The most troubling aspect of Clackamas County's WARN notice record is the persistent elevation of layoff activity since 2020. While 2020's spike was driven largely by pandemic-related disruptions across hospitality and food service sectors, subsequent years have shown no sustained recovery to pre-pandemic baseline patterns. Instead, the county has experienced a "new normal" of elevated workforce reductions: 2024 recorded 41 notices and 2025 has already reached 33 notices with several months remaining in the year. This pattern suggests that Clackamas County is not simply experiencing cyclical labor market adjustment but rather structural economic transformation that continues to displace workers faster than the local economy can reabsorb them.
Key Employers: Concentration and Strategic Decisions
The employer concentration in Clackamas County's WARN notices reveals a dual narrative: some large, established regional players appear repeatedly with incremental reductions, while others file massive single notices that devastate concentrated labor pools.
Capital One exemplifies the latter pattern. With just four WARN notices, the financial services company displaced 846 workers—the single largest employer impact in the county's WARN record. This concentration suggests that Capital One likely executed a strategic restructuring or facility closure rather than gradual workforce optimization. Given that Capital One operates major call centers and back-office operations across the Pacific Northwest, the Oregon displacement likely reflects broader corporate decisions to consolidate operations or shift work to lower-cost geographies.

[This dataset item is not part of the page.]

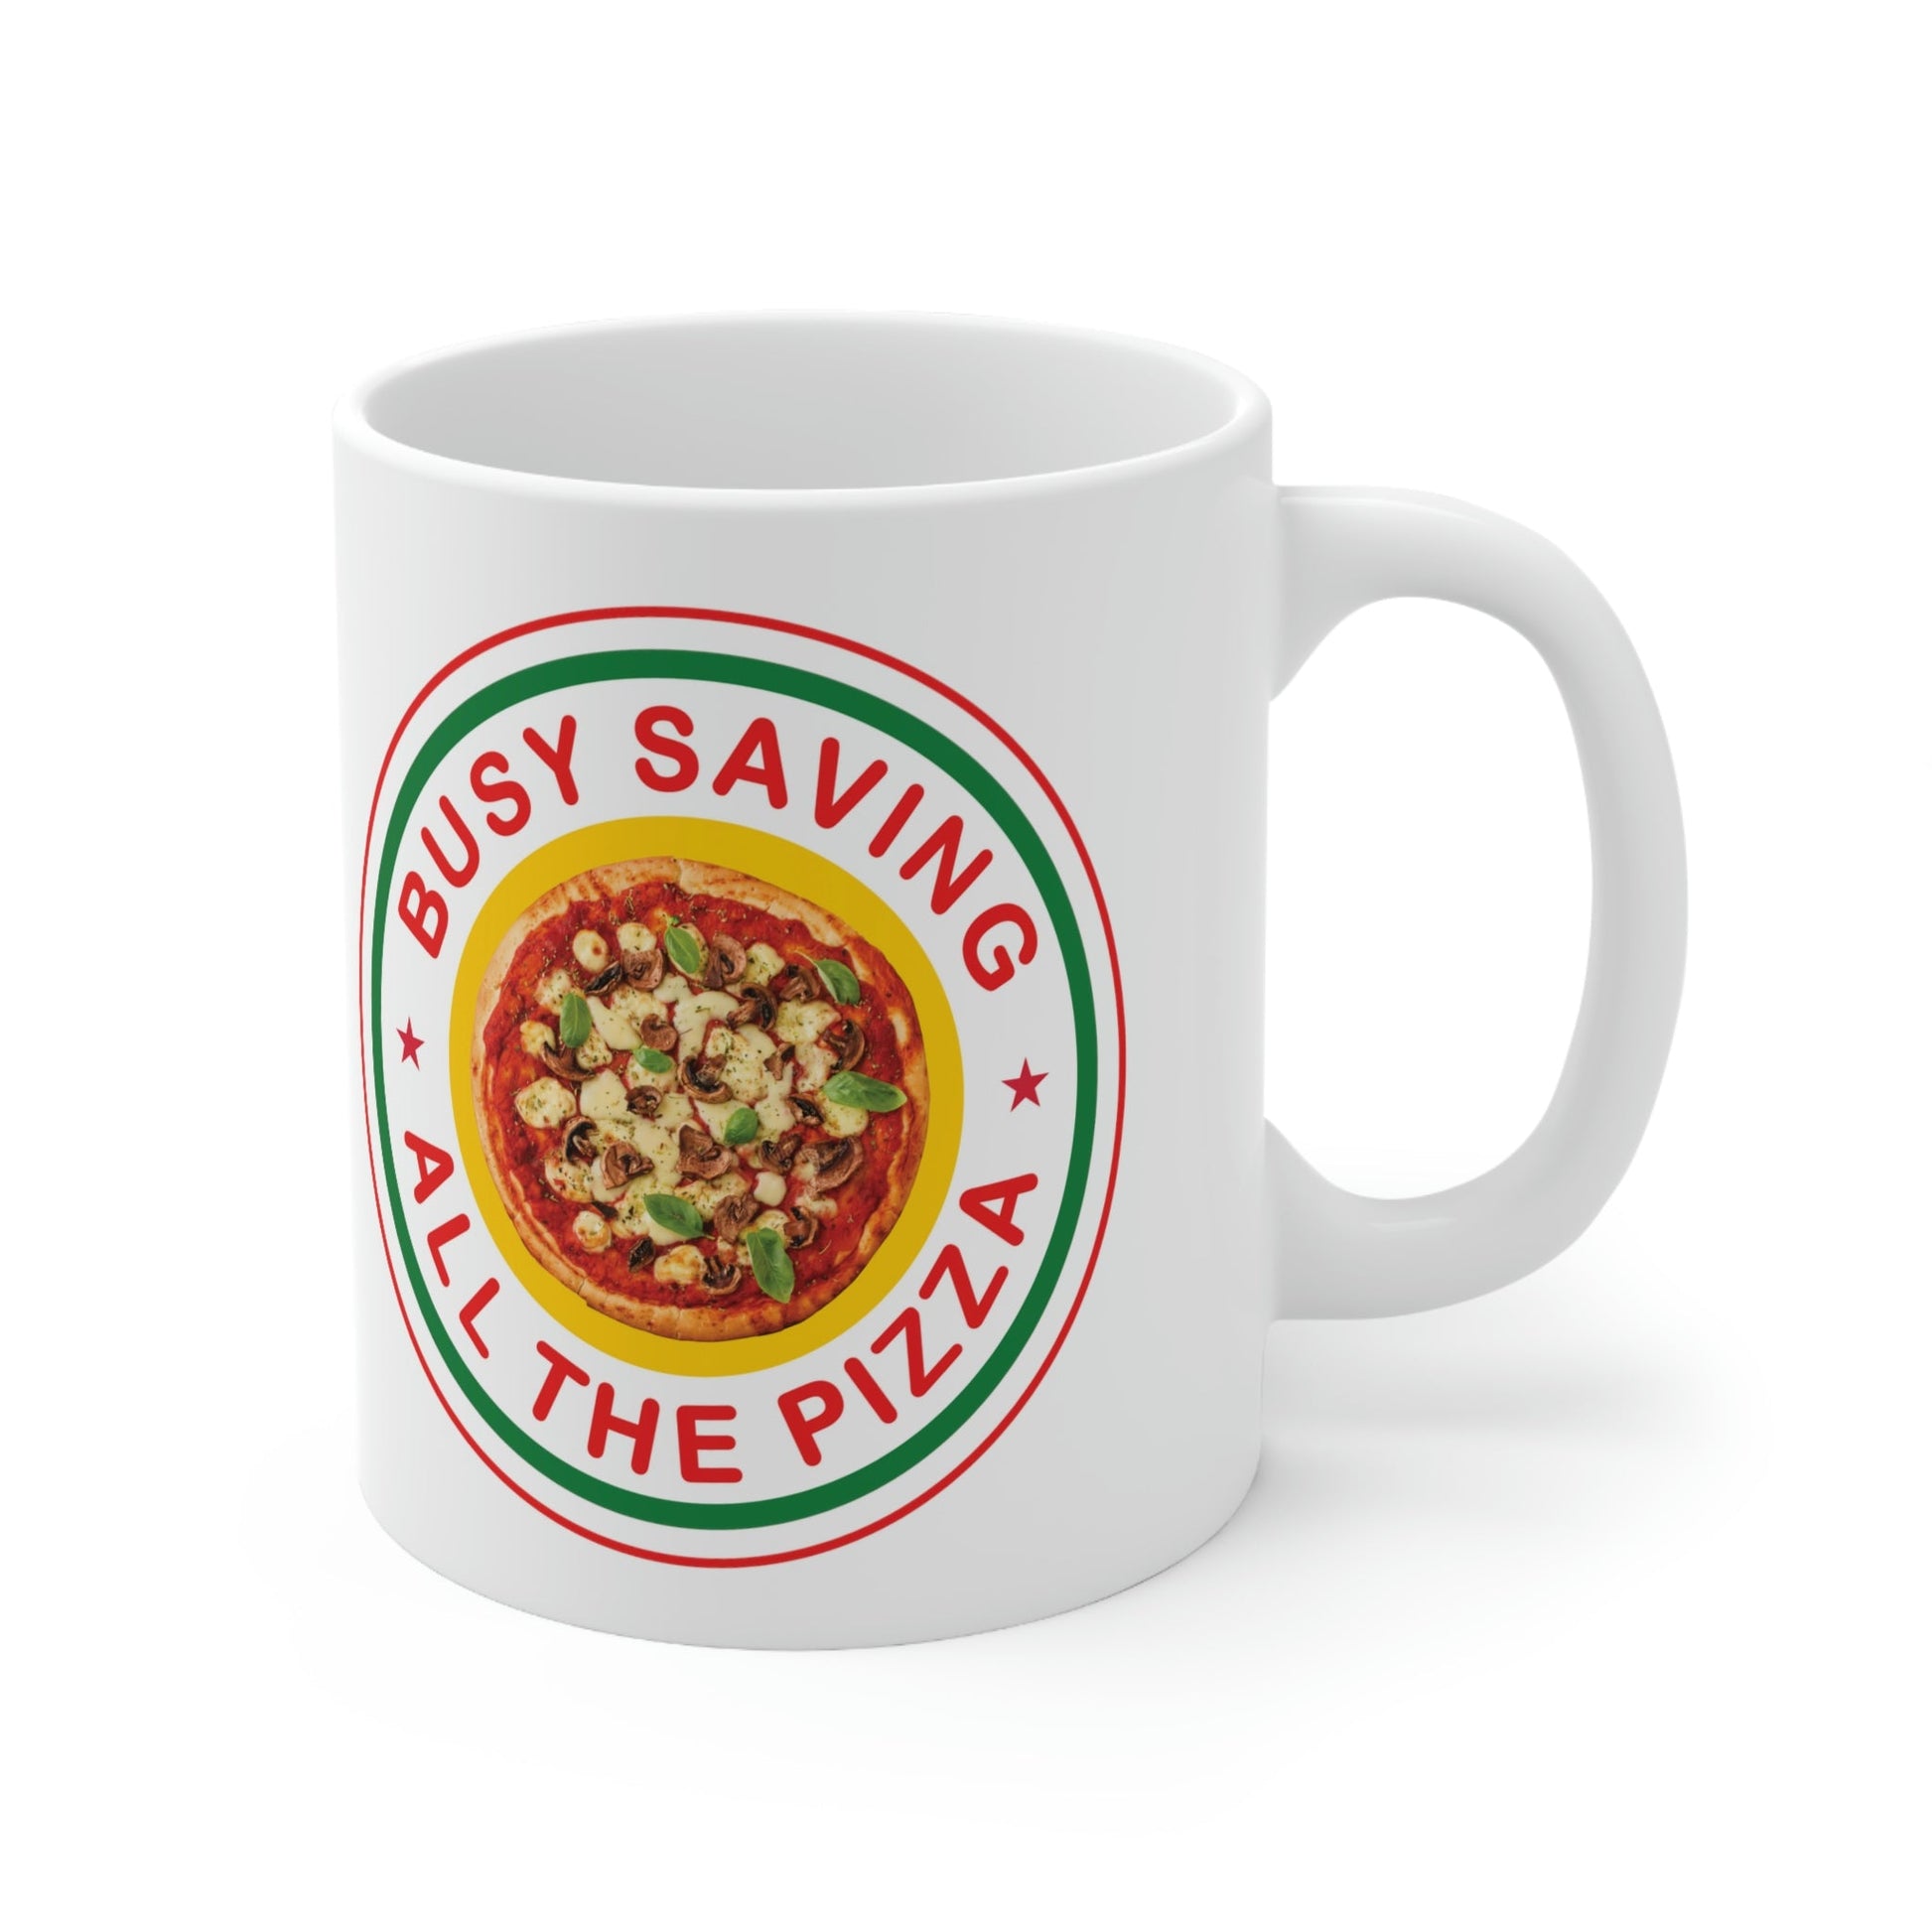 Busy Saving All The Pizza Food Lover Ceramic Mug 11oz Ichaku [Perfect Gifts Selection]

Boyd's Coffee, a locally rooted company with deep historical ties to the Oregon coffee industry, presents a contrasting pattern. Eight WARN notices affecting only 73 workers indicates continuous, rolling reductions rather than catastrophic adjustment. This pattern is consistent with a company managing decline in a sector facing structural headwinds—specialty coffee production faces both input cost inflation and shifting consumer preferences toward direct-to-consumer distribution models that bypass traditional regional distributors.
Microsoft's six notices affecting 195 workers warrant particular scrutiny given the company's massive presence in the Pacific Northwest and the strategic significance of technology sector employment in Oregon's economy. Microsoft's layoffs in Clackamas County (primarily located in Portland) reflect the broader technology sector contraction that intensified throughout 2022-2024, driven by pandemic-era over-hiring and subsequent AI-driven efficiency initiatives. The fact that Microsoft—arguably Oregon's most economically important private employer—is appearing in WARN notices signals that even the most robust sector in the state's economy is experiencing workforce reduction pressures.
Sulzer, Western Graphics & Data/Travel Tags, and Alsco represent mid-sized manufacturing and industrial services firms executing multiple rounds of workforce reductions. Each filed five to seven notices affecting 80-130 workers. These patterns suggest that companies are managing capacity reductions by spacing reductions over multiple quarters to avoid the operational disruption of single mass layoffs. This deliberate pacing indicates management sophistication but also implies deeper structural challenges requiring sustained workforce contraction.
Hyatt Regency - Portland filed five notices affecting 196 workers, reflecting the persistent instability in Clackamas County's accommodation sector post-pandemic. Despite the economic recovery from 2021 onward, the hospitality sector in the county has struggled to maintain pre-pandemic employment levels, suggesting that demand recovery has been insufficient to support historical staffing levels or that operational models have fundamentally shifted toward automation and reduced labor intensity.
Industry Patterns: Sectoral Vulnerability in Clackamas County
Manufacturing dominates Clackamas County's WARN notice distribution with 84 notices, representing 21.8% of all notices. This concentration reflects the county's historical identity as an industrial production center, but it also signals manufacturing's vulnerability to ongoing structural challenges including automation, supply chain reorganization, and competition from lower-cost producers. The persistence of manufacturing layoffs across the entire 2010-2026 period suggests that this sector has experienced no sustained recovery, only episodic adjustments to permanently lower employment baselines.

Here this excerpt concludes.